Ao responder, Borges, primeira mulher presidente da OAB Bahia, afirmou ter aberto outros espaço para a representação feminina na sua gestão e disse que fez um repúdio público aos ataques recebidos por Ana Patrícia. “Eu fiz um repúdio tão enfático que inclusive a imprensa local noticiou, trouxe inclusive aqui sites nos quais houve uma repercussão do repúdio que fiz à época. É importante também aqui destacar que eu repudio todas as formas de violência contra a mulher. Não sou apenas eu, primeira mulher a chegar na presidência da OAB. Eu sempre digo que o meu orgulho é que eu cheguei com muitas. Pela primeira vez na história temos presidente e vice, duas mulheres e temos uma diretoria com três mulheres e as mulheres em todos os espaços do OAB trazendo as ações e projetos em prol também da mulher advogada”, rebateu.
Ana Patrícia ainda provocou a presidente ao questionar sobre o que classificou como omissão da OAB em diversas frentes, entre as quais quanto à inexistência de fiscalização da qualidade dos cursos de Direito na Bahia, hoje com 80 mil inscritos, ao dizer que a instituição não combate o estelionato educacional. “A Bahia e o Brasil vivem um verdadeiro estelionato educacional.
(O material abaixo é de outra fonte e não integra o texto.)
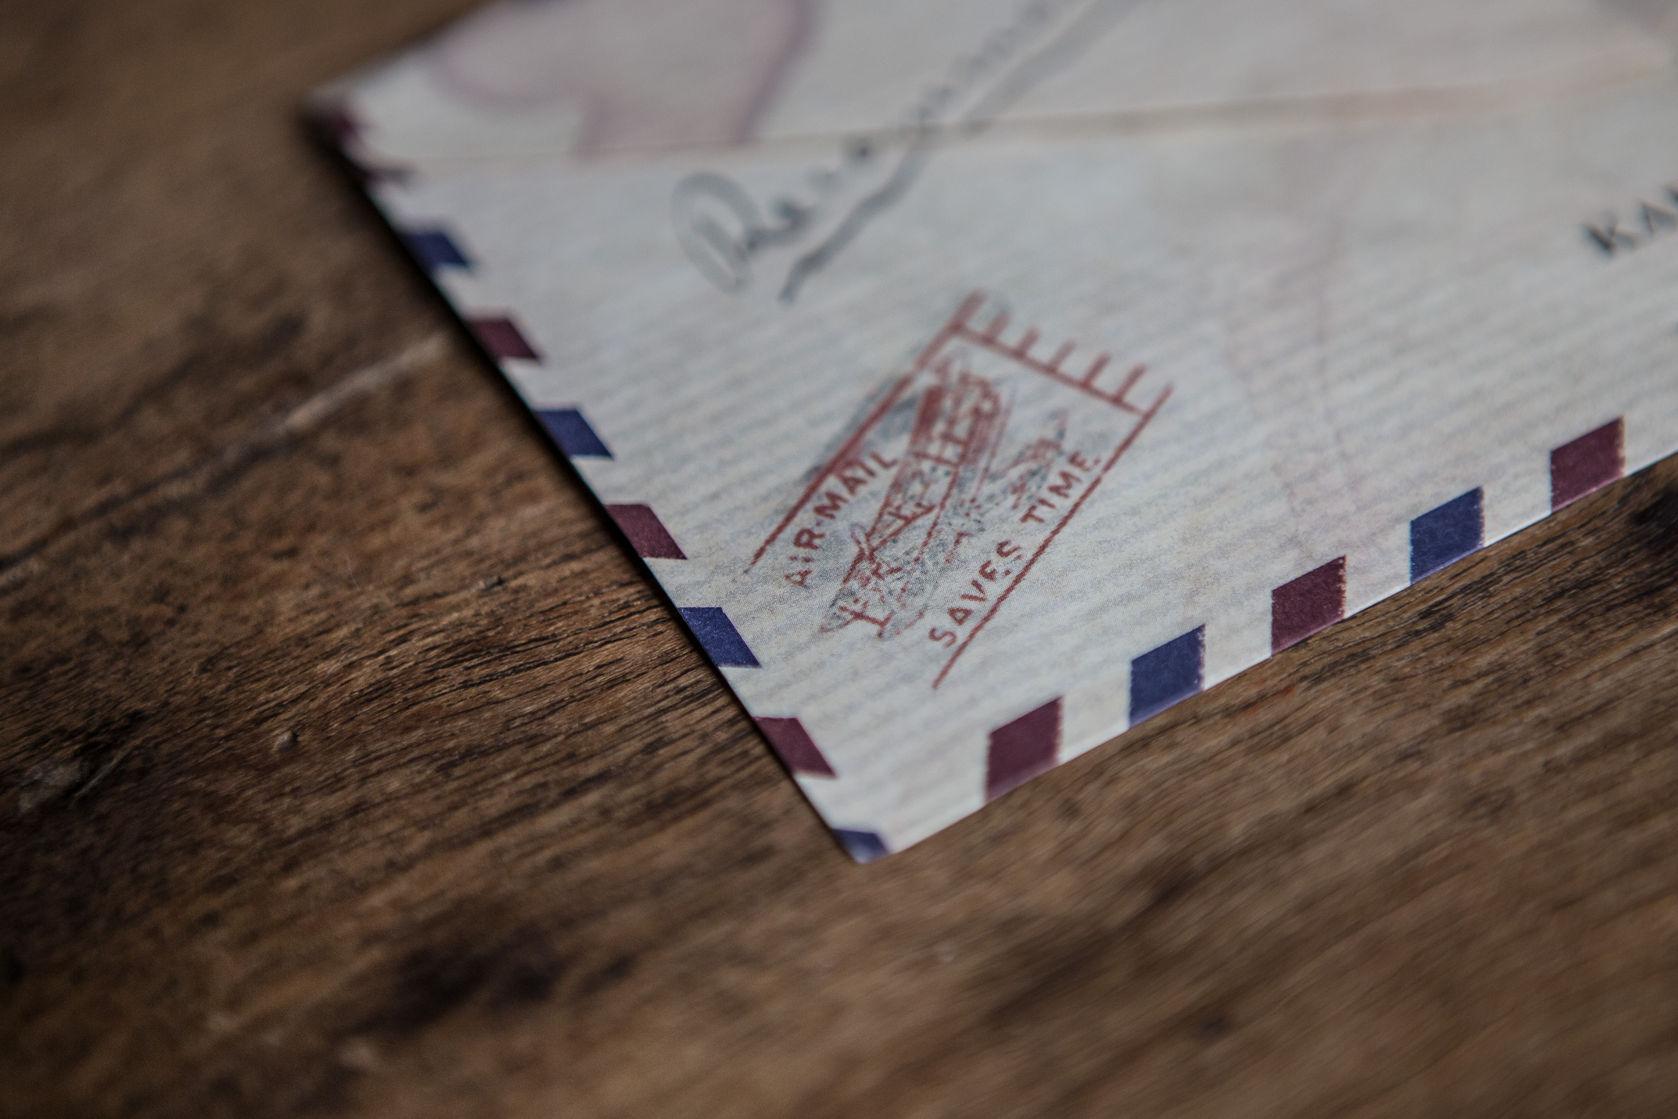 O carte poștală a ajuns la destinație după 53 de ani. Mesajul care nu a mai ajuns la destinatar
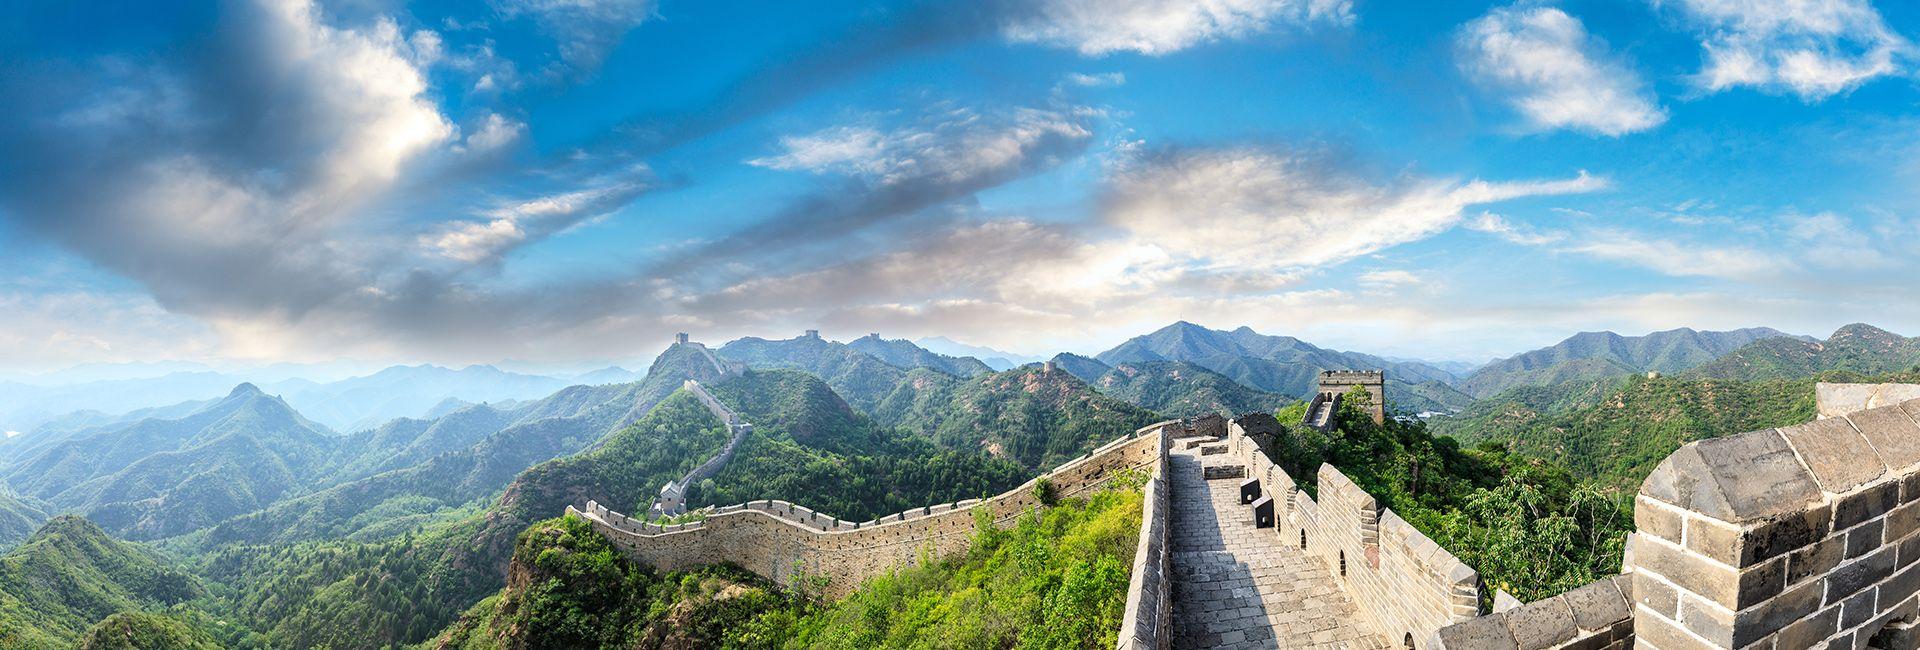 Top 6 địa điểm du lịch nổi tiếng nhất Trung Quốc

É papel da OAB lutar e judicializar pelo fechamento de instituições que não têm qualidade”, defendeu, acrescentando que a Ordem precisa de uma postura firme para garantir que os advogados sejam formados com excelência, propondo a descentralização da Escola Superior de Advocacia (ESA) para o interior, além de iniciativas como o projeto Primeiros Passos, que prevê mentoria, cotas raciais e de gênero, e parcerias para desconto em lojas conveniadas.
A candidata da oposição ainda criticou o programa da Caixa de Assistência dos Advogados da Bahia (CAAB), que distribui ternos usados para advogados iniciantes. “Isso é humilhante. Na nossa gestão, os advogados terão ternos novos e dignidade”, afirmou. Sobre as prerrogativas dos advogados, Ana Patrícia criticou a falta de estrutura do Poder Judiciário e propôs um projeto de pacto com o Poder. A ideia é destinar parte das custas processuais à melhoria da estrutura judiciária, com mais juízes, reativação de comarcas e contratação de assessores. Segundo ela, essa iniciativa poderá reduzir significativamente a violação de prerrogativas: “Embora existam magistrados que intencionalmente violam prerrogativas, a maioria dos problemas é fruto da má estrutura do Judiciário.”